Transcribe the line containing "wellbeing hub logo" and every line after it, exactly, through the end of the records.
(INFORMATION GIVEN begins)
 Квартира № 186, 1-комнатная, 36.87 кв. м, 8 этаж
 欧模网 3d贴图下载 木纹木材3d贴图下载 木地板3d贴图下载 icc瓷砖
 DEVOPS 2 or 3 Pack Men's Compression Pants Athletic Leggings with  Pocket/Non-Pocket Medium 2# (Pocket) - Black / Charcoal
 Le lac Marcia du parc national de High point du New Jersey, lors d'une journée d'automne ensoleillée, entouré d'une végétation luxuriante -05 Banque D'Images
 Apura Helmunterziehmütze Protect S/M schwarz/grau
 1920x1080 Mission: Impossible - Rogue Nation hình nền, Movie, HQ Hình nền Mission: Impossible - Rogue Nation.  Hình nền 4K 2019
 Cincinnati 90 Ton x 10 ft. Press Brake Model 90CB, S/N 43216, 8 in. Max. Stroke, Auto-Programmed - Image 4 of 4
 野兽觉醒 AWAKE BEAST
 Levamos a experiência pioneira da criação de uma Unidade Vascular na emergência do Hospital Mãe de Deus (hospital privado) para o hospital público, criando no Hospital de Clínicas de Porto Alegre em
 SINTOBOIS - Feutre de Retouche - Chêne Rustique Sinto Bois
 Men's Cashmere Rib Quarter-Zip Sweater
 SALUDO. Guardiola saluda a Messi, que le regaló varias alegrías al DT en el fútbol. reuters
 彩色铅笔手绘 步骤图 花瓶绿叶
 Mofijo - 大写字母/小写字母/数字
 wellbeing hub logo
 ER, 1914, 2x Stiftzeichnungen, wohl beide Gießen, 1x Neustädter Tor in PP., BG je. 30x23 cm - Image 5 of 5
(INFORMATION GIVEN ends)
(COMPLETED EXERCISE):
 wellbeing hub logo
 ER, 1914, 2x Stiftzeichnungen, wohl beide Gießen, 1x Neustädter Tor in PP., BG je. 30x23 cm - Image 5 of 5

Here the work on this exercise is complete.